Skip the pictures. Give all the data again exactly.

* [DATA BLOCK]
■ ■ ■ ■ ■
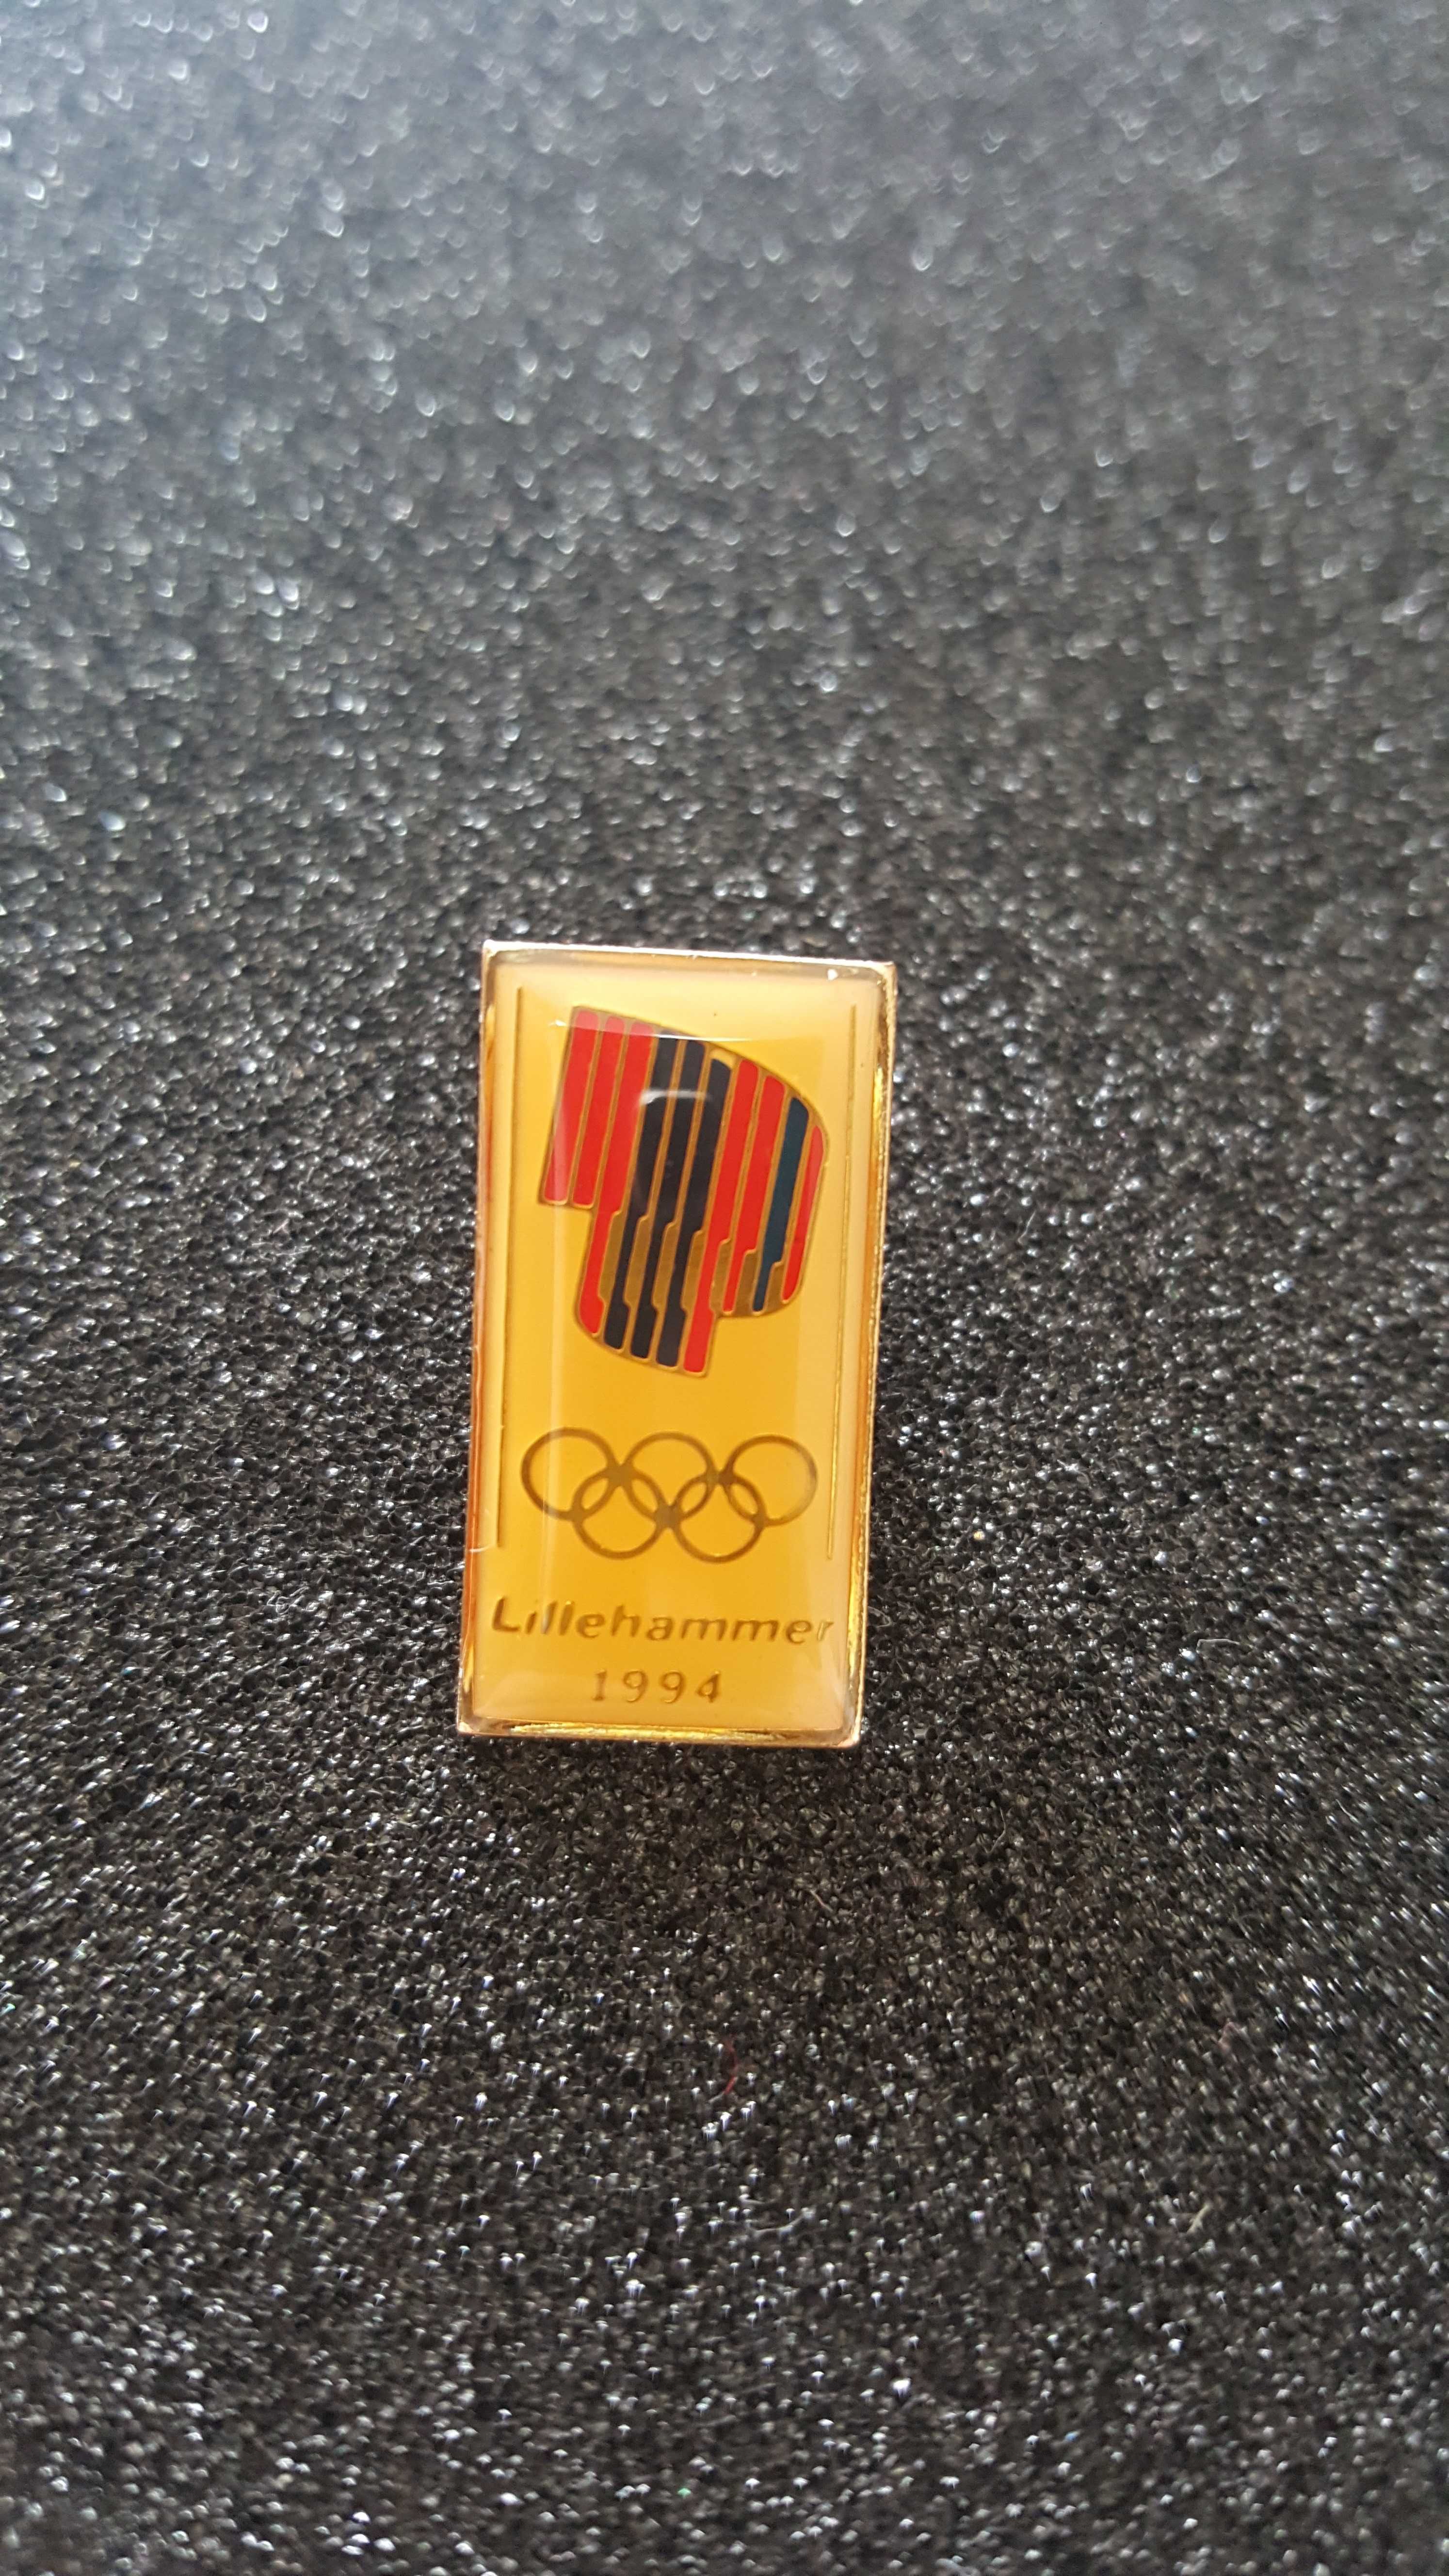 Оригинална олимпийска значка Lillehammer 1994
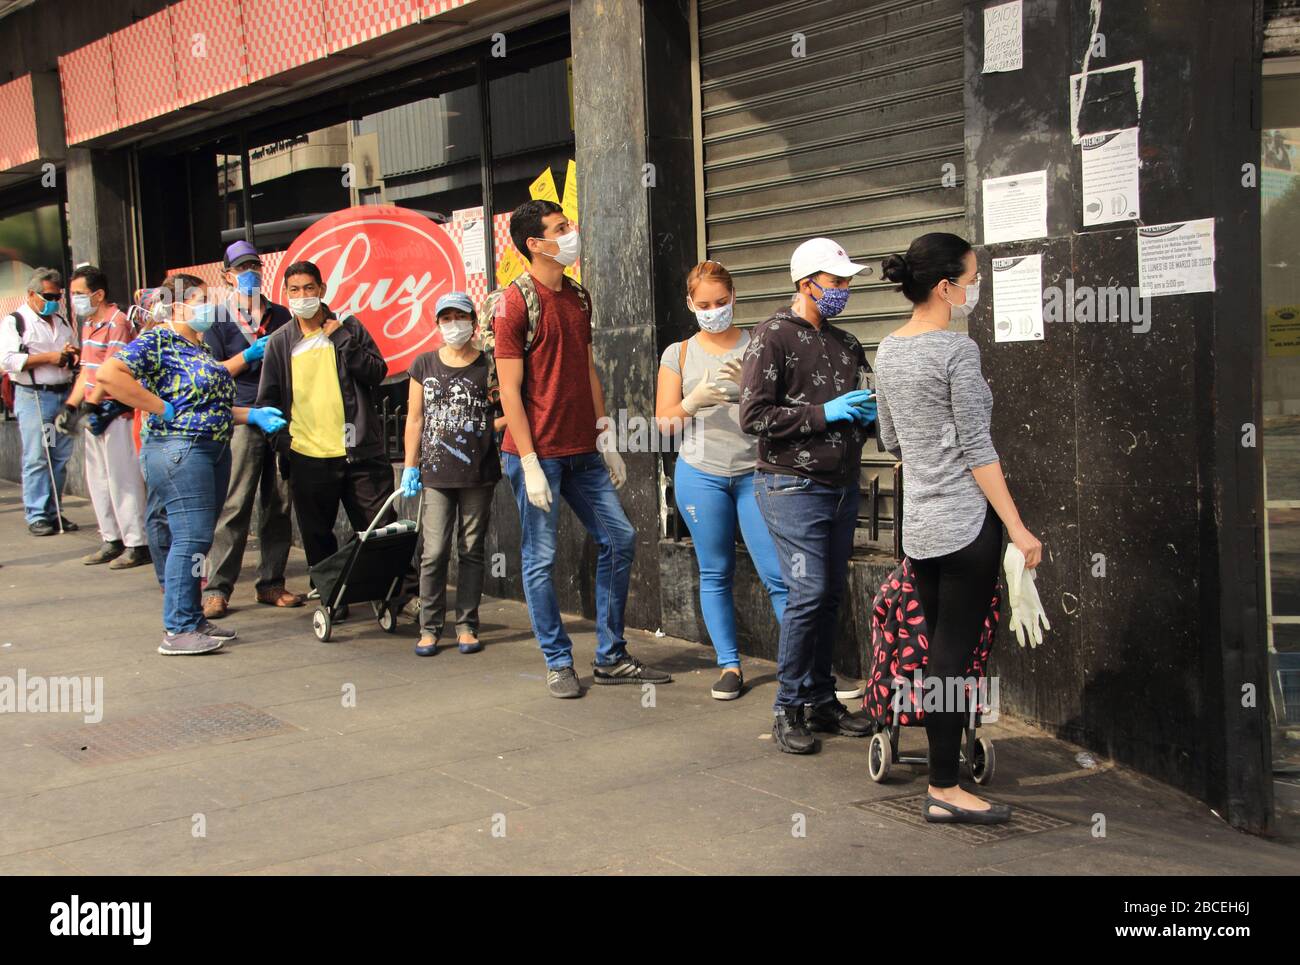 Caracas, Venezuela 31 de marzo de 2020: Personas que usan máscaras protectoras en línea esperando turnos para entrar en el supermercado durante una crisis de cuarentena Foto de stock
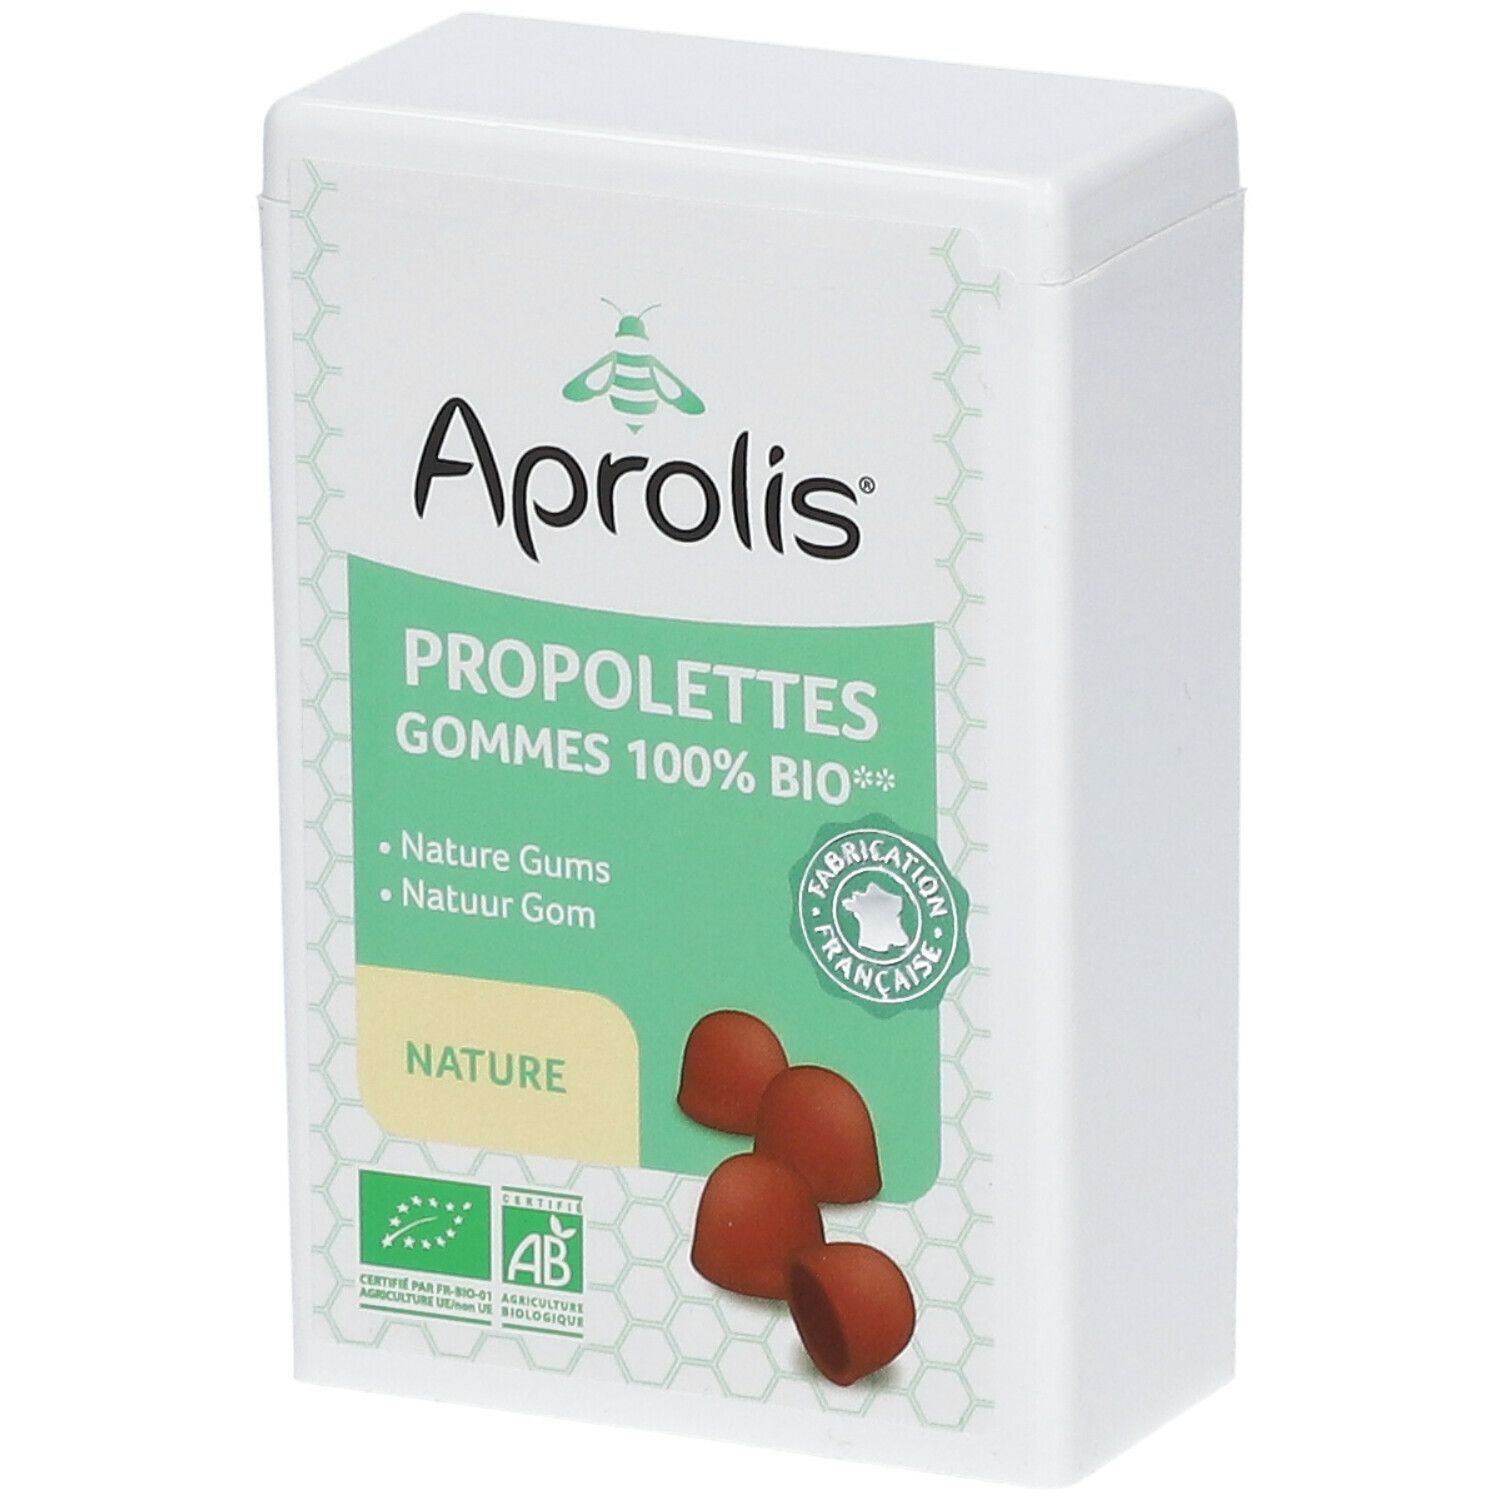 Aprolis® Propolettes 100% BIO Nature
■ ■ ■ ■ ■
* [SOLUTION TO THE EXERCISE]
 Оригинална олимпийска значка Lillehammer 1994
 Caracas, Venezuela 31 de marzo de 2020: Personas que usan máscaras protectoras en línea esperando turnos para entrar en el supermercado durante una crisis de cuarentena Foto de stock
 Aprolis® Propolettes 100% BIO Nature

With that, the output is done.